Wednesday, October 26, 2005

The Death of DVD

Tim Cavanaugh bemoans the inevitable demise of DVD:

Where is the DVD, or the VHS, or even the laserdisc, of the 1932 version of Madame Butterfly with Cary Grant as Pinkerton, Sylvia Sidney as Cho-Cho San, and a script by Joseph Moncure March? A world without a home video version of Ernst Lubitsch's last film, the sterling Jennifer Jones girl-plumber dramedy Cluny Brown, is what Krusty the Clown meant when he said "survivors would envy the dead." The beauty of DVD was that it coincided with and helped inspire vast institutional support for exploiting back catalogues. Gone were the shitty prints and full-screen atrocities of the VHS era; in came the vogue for complete collections, crisp transfers, and rediscovered sleepers. But the job is not yet done, and I suspect the market for DVD will run out before the back catalogues do.

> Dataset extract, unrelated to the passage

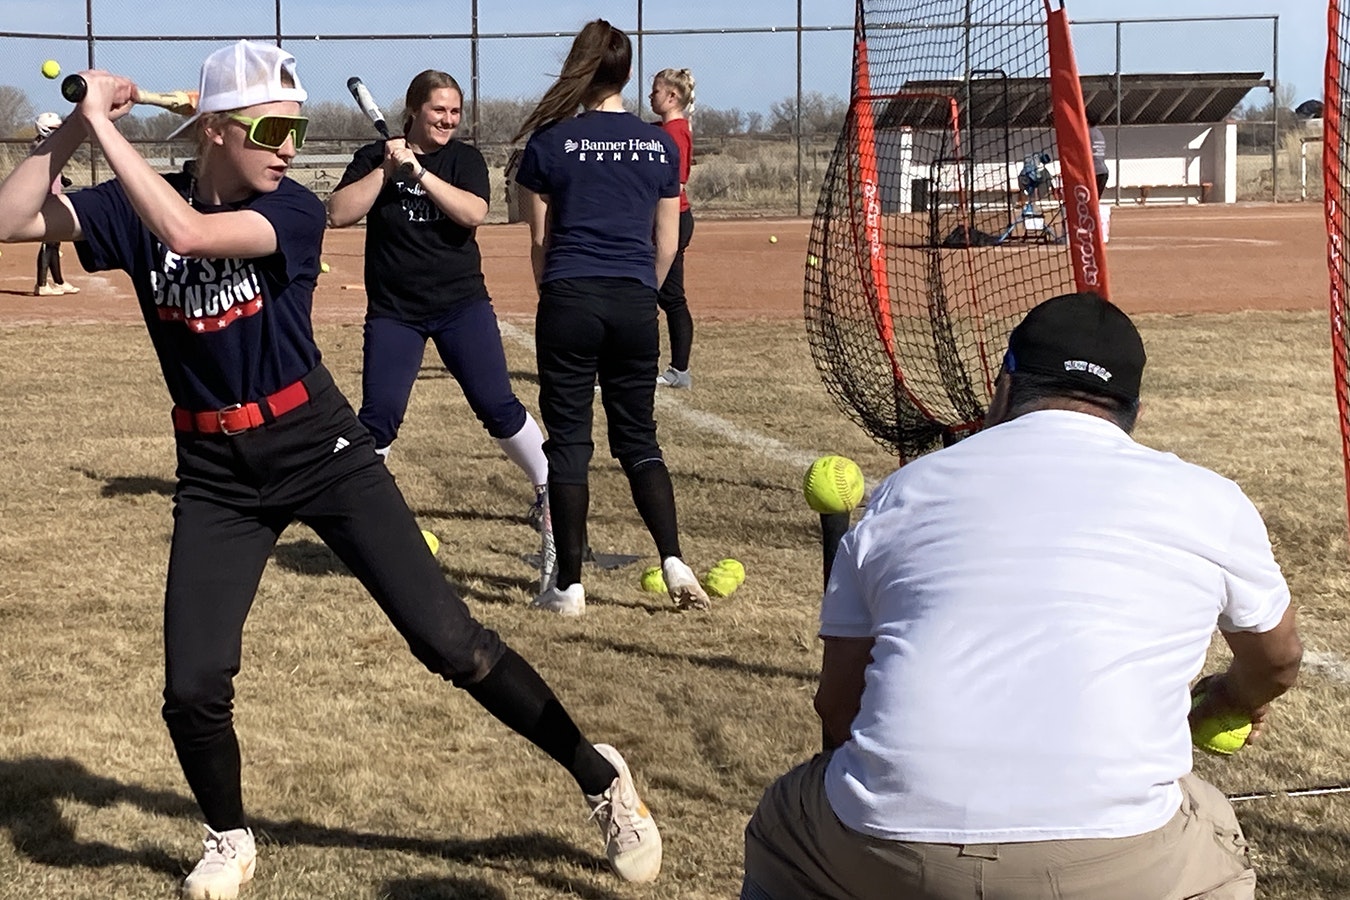 Riverton High School senior Cassy Miller practices Monday with the World High girls softball team. Miller and 12 other players from Riverton, Shoshoni and Lander travel three hours every day to be part of the team

What Mr. Cavanaugh is missing is that the new technology will be cheaper for studios since they will not have to pick up the production costs of physical media and run the risk of product sitting on a shelf someplace.  The low/no-cost  inventories will make it easier for studios to justify digitizing old movies that very few people want to see because there is almost no real risk.  Fans of obscure vintage movies (and likely the classic made for TV movies as well) should welcome the medialess revolution.